Saturday, February 26, 2011

Best Movies of 2010

As I always mention whenever I do my best films of the year list, I like to wait till around February or so to allow myself to be able to see some of the movies that don't go nationwide until the new year. I'm on a modest budget and I don't get to go to film festivals, so it's impossible for a Midwesterner such as myself to catch all the prestige films that are rushed to release during the Oscar season that manage to land on a lot of critics' year-end list. I feel that as long as I can do my list before the Academy Awards, it can still remain somewhat relevant and topical. This was also the first year that I got a subscription to Netflix and if you haven't jumped on board by now, I highly recommend it if you're a movie buff such as myself. It allowed me to watch more movies in a year than I have in a very long time and is partly the reason why this list is close to 60 and could have potentially been higher if I had the time to fit in everything I hoped to see.

1. I Am Love

One of the most visually impressive films of the year was not a flashy, big-budget Hollywood effort, but a brooding family drama from Italian director Luca Guadagino. The set design and wardrobes are rich with vivaciousness and detail that pop off the screen in an effective, subtle manner and reflect the tone and personalities of its scenes and characters beautifully. This is a movie that deals with contrast at nearly every corner, since the main character, a Russian woman played Tilda Swinton who married into an affluent Italian family, is an outsider in her own family and that idea is delicately exposed in nearly every frame. Technically, I Am Love is masterfully produced, but when it delves into the intentions and actions of its characters, the effect is poetic as it can be interpreted in many different ways.
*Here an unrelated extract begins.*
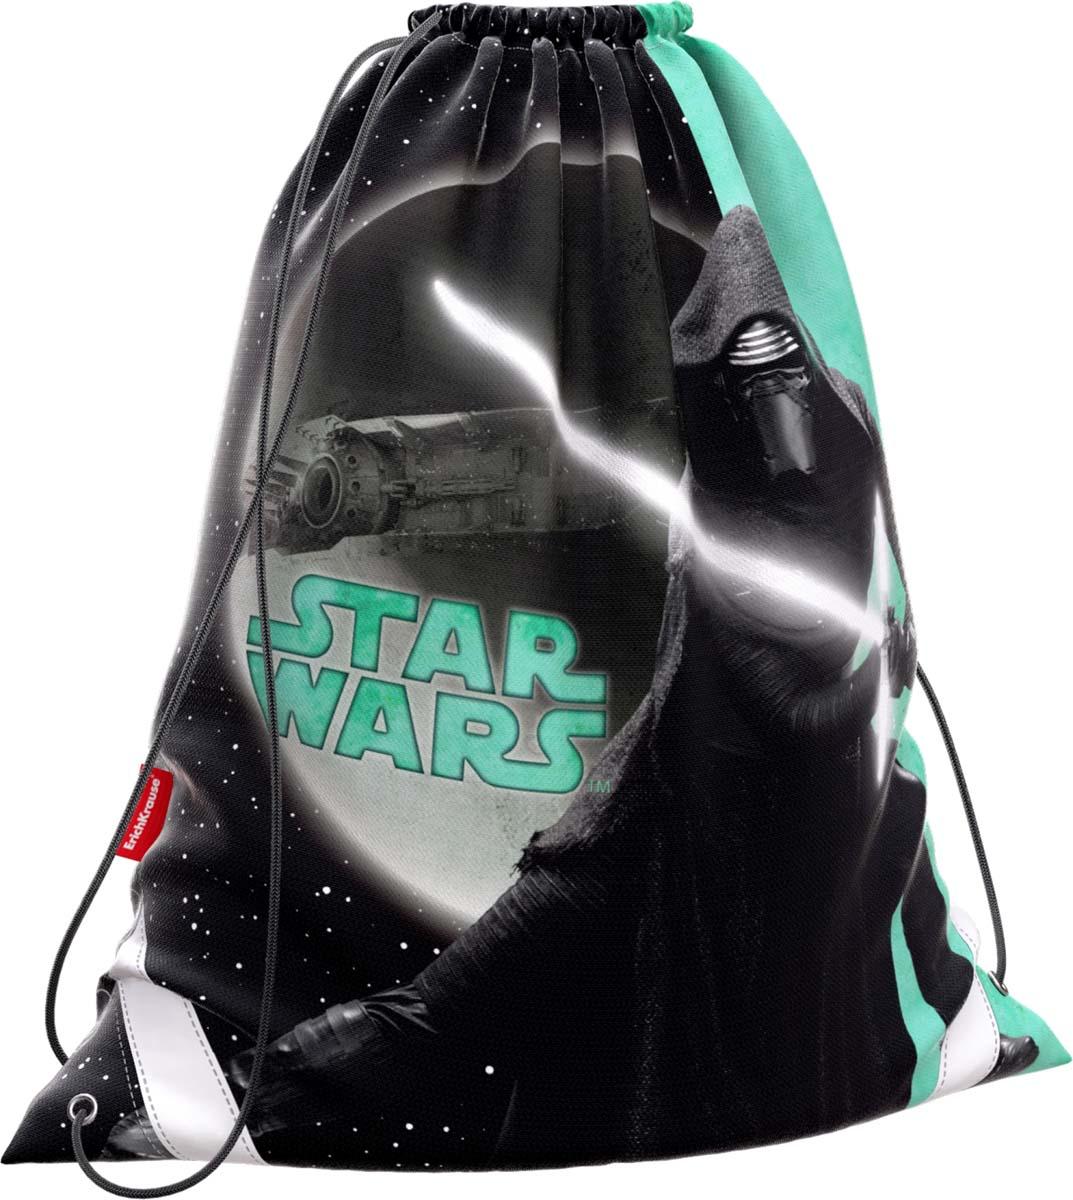 Disney Сумка для сменной обуви Звездные войны Свет далеких планет disney disney школьной зрачки девушка 3 4 6 сортов отдыха и путешествия плеча сумка 0168 розовых детского рюкзак

Even the film's final, grainy shot could have several connotations after repeat viewings (I've seen people refer to it as having the qualities of an ultrasound). I know I've come across a great film when I can't get it out of my head days later and I am constantly thinking it over in my head. As is the case with a lot of revered art, everything may not come to you the first time around, but along the way it forces you to ask yourself questions you never thought of before and enriches you in the process.

2. A Prophet

The brutality and violence shown in A Prophet is portrayed in an unflinching way, the kind that isn't shown much in American films. This doesn't mean that American movies shy away from violence—as a matter a fact, gruesomeness is seen as a badge of honor—but the way its done is fetishsized and desensitizes the impact on its viewer. In A Prophet, there is nothing romantic about the acts that are portrayed and it managed to jar even a nonchalant, bloodlusting American as myself. I believe that anything that can get a reaction out of me has made an achievement in that it has accomplished its goal, but that only speaks to the skill of director Jacques Audiard and glosses over the heartening content of the movie that has earned it such a high spot on my list. This French film centers on a young Arab who enters a ethnically divided prison (is there any other kind?) and links up with the Corsicans, an act that is in direct conflict with his Muslim brethren. With the mixture of social issues and gritty entertainment that shares a few strokes from some of Scorcese's earlier works, A Prophet, with its epic span, distinguishes itself from the ordinary crime drama and delivers a more fulfilling experience.

3. Mother

In Bong Joon-Hoo's follow up to The Host, the Korean director finds himself once again juggling around with genres. Mother flows from drama to mystery to suspense seamlessly. Of course, such an arc is required for the story, which deals with an intensely loving mother who will do anything to prove that her mentally disabled son is innocent of a murder he has been accused of. Hye-ja Kim, who plays the character simply titled as Mother, is wonderful in the role as she has to maintain a pained look on her face while also making you believe that this is a determined woman who will do whatever it takes to exonerate her only child, even if it causes her to be in over her head. The movie also has a trance-like tone throughout so as not to latch on solely to the mystery—which is certainly entertaining in its own right and kept me guessing—but to remind us of how far family is willing to go for one another.

4. Restrepo

The fact that a documentary was filmed in Afghanistan in one of the Taliban's strongholds is impressive enough, but following a platoon in the midst of it all is still mind-boggling. Perhaps it's because I would lack the courage to strap on a camera and follow this group of brave men, knowing that at any moment we could be ambushed. Sebastian Junger and Tim Hetherington were brave enough to do such a thing, and not only was the footage astounding, but it gave us a not too often seen, in-depth look at the horrors of war and put a face to the men who put their lives at risk everyday. Fewer films provided as many intense moments as Restrepo, but it would be almost unfair to compare it with a work of fiction. The stakes were all too real as tragedy struck and its effect ever remaining on the faces of those who survived. The film does not strive to make a statement about whether war is good or bad, but simply observes a year in the life of these men. The viewer is left to decide on their own, and the answer may not be pretty.

5. Black Swan

Darren Aronofsky is my favorite contemporary director. His work is consistently fearless and challenging with a visual flair all his own. He continues to hold that title here with Black Swan, which is the most accessible out of all his films, but doesn't cop out in anyway. I'm a fan of color scheme in movies and I know that it matters a big deal as to what color a character is wearing with the most detailed directors. Whenever we're in Nina's bedroom, the main character portrayed by Natalie Portman, I kept focusing on that one black plush toy in the background because it was such a contrast with the other white animals and it was no coincidence that that one random toy would be in the frame. It's the type of subtle foreshadowing that makes Aronofsky's films so rich. As Nina descends into madness (or is it reality), Aronofsky strikes a balance between fantasy and the real world that is plausible and keeps the audience guessing as to what is actually happening on the screen. It makes for an engaging experience that requires your attention, but at the same time jolting and visceral enough to provide few dull moments.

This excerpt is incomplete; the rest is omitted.